- _WORK ITEM_: Starting with the line that holds "Surgical Meth Machine –" and stopping after the line that holds "270116bf8bd DIESEL - Hardkor", repeat the lines below word for word, without the pictures.

- _MATERIAL PROVIDED_:
● ● ● ●

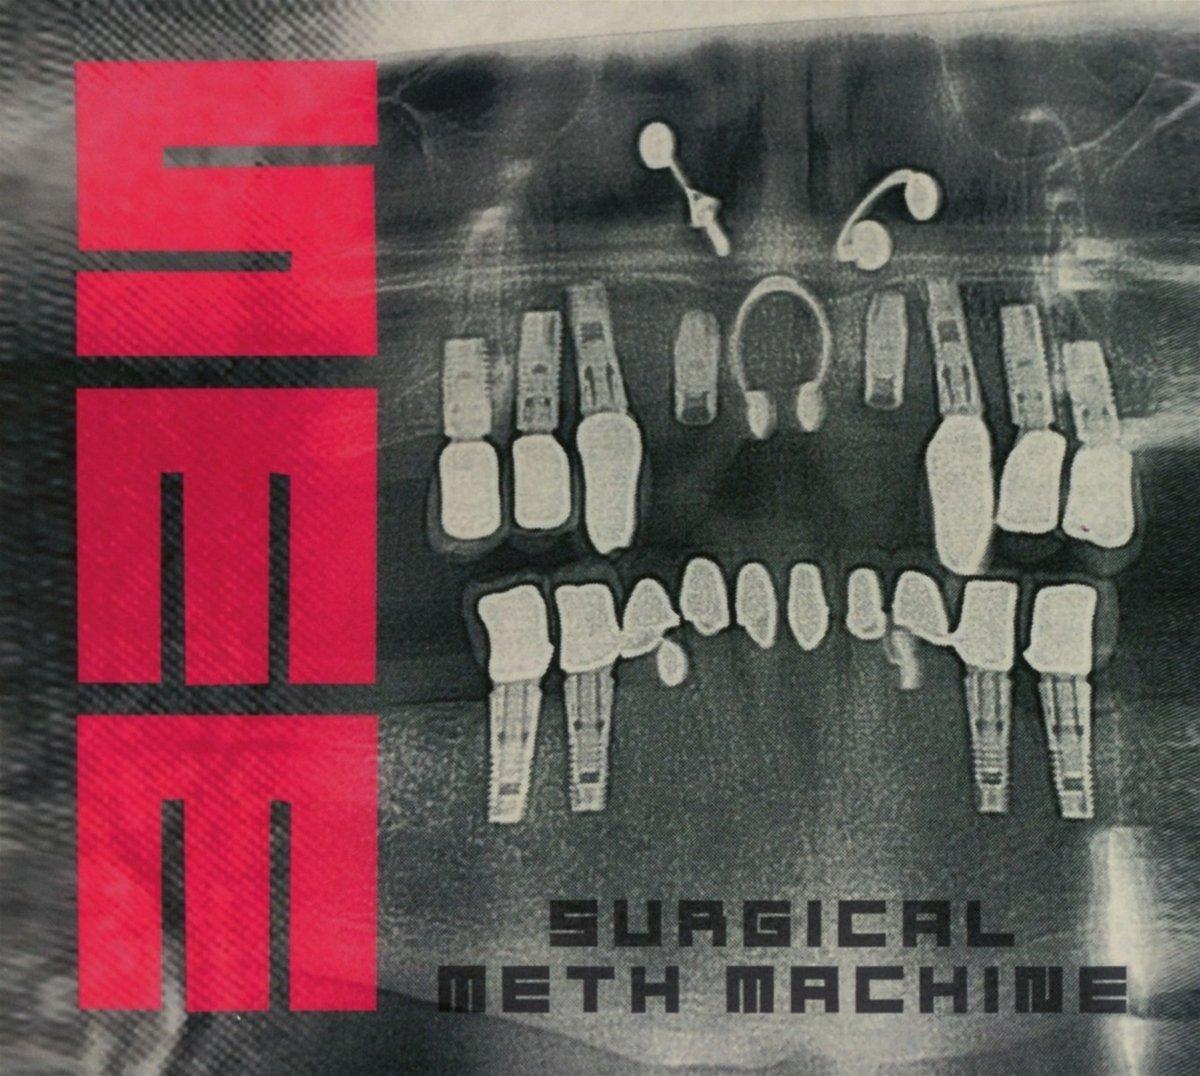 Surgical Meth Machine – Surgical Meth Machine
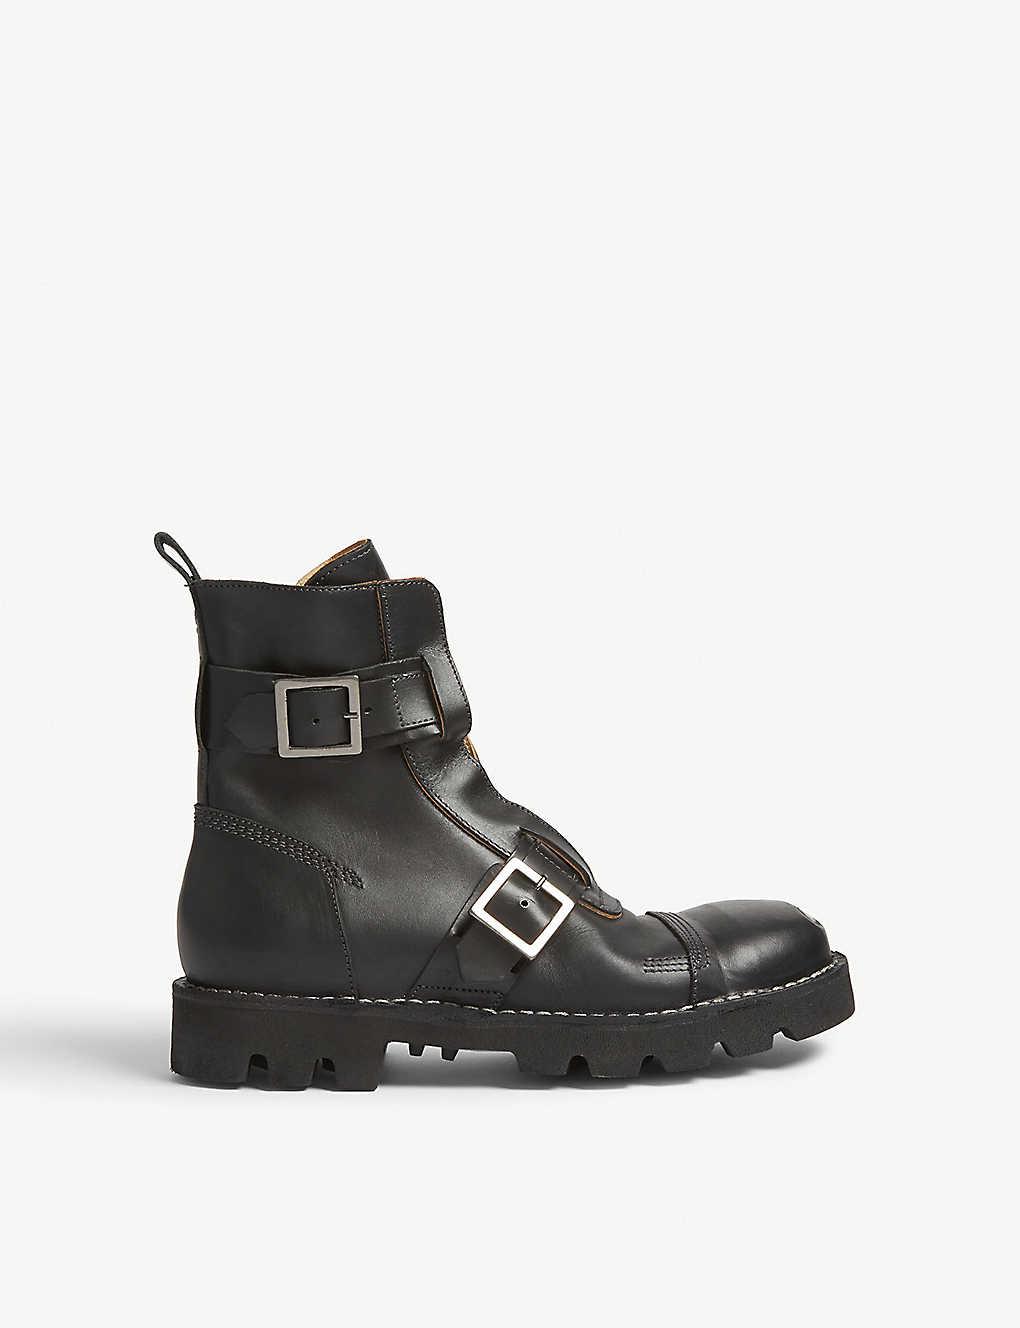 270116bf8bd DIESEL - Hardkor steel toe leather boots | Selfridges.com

● ● ● ●

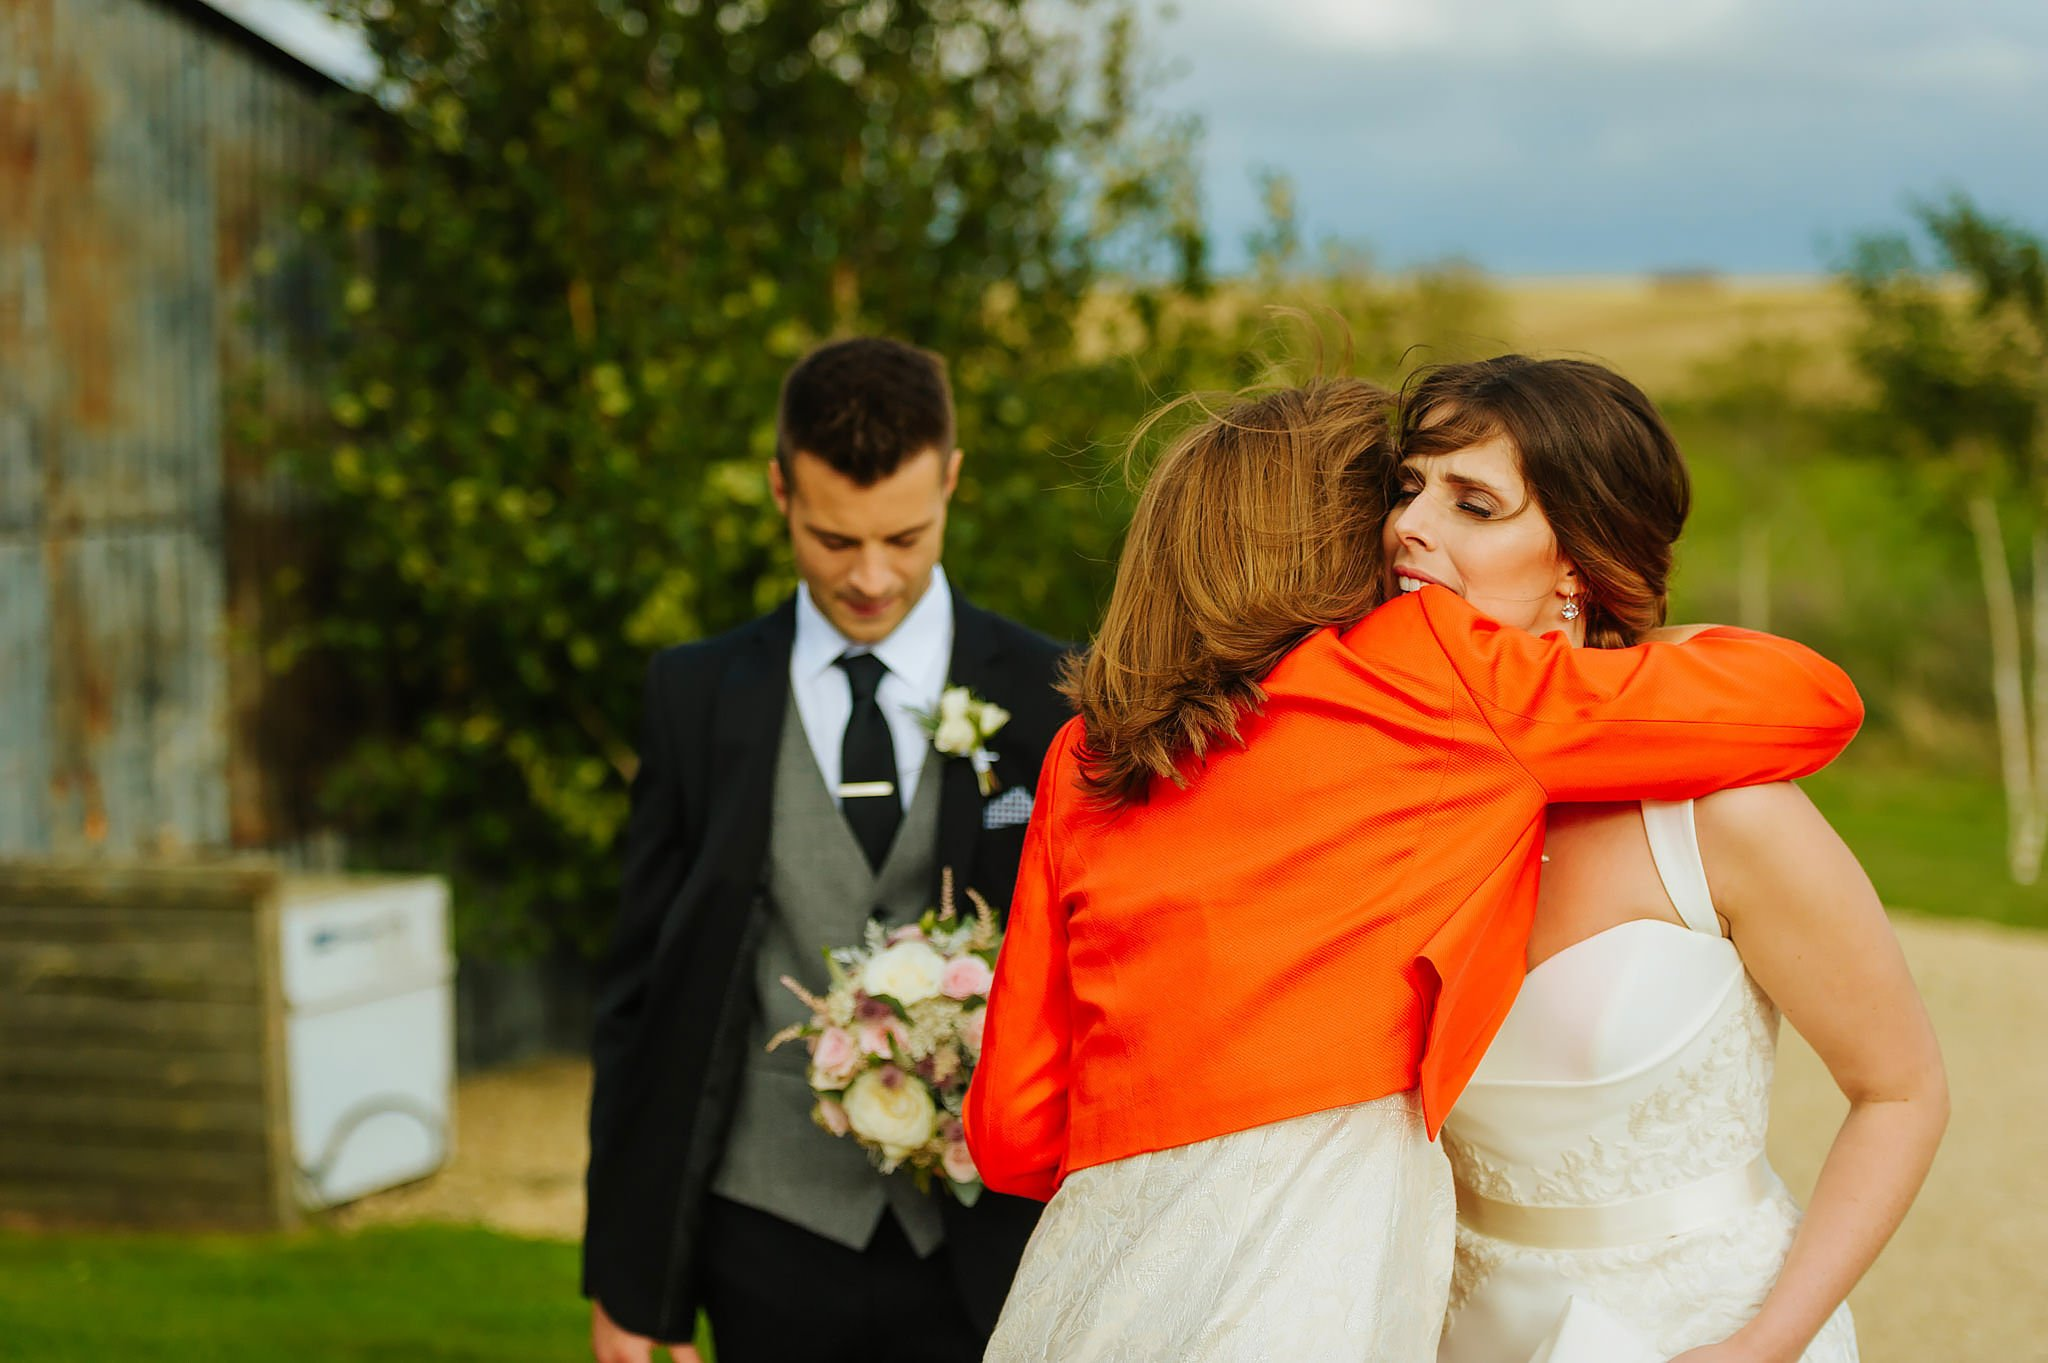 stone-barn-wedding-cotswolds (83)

● ● ● ●

- _YOUR RESPONSE_:
 Surgical Meth Machine – Surgical Meth Machine
 270116bf8bd DIESEL - Hardkor steel toe leather boots | Selfridges.com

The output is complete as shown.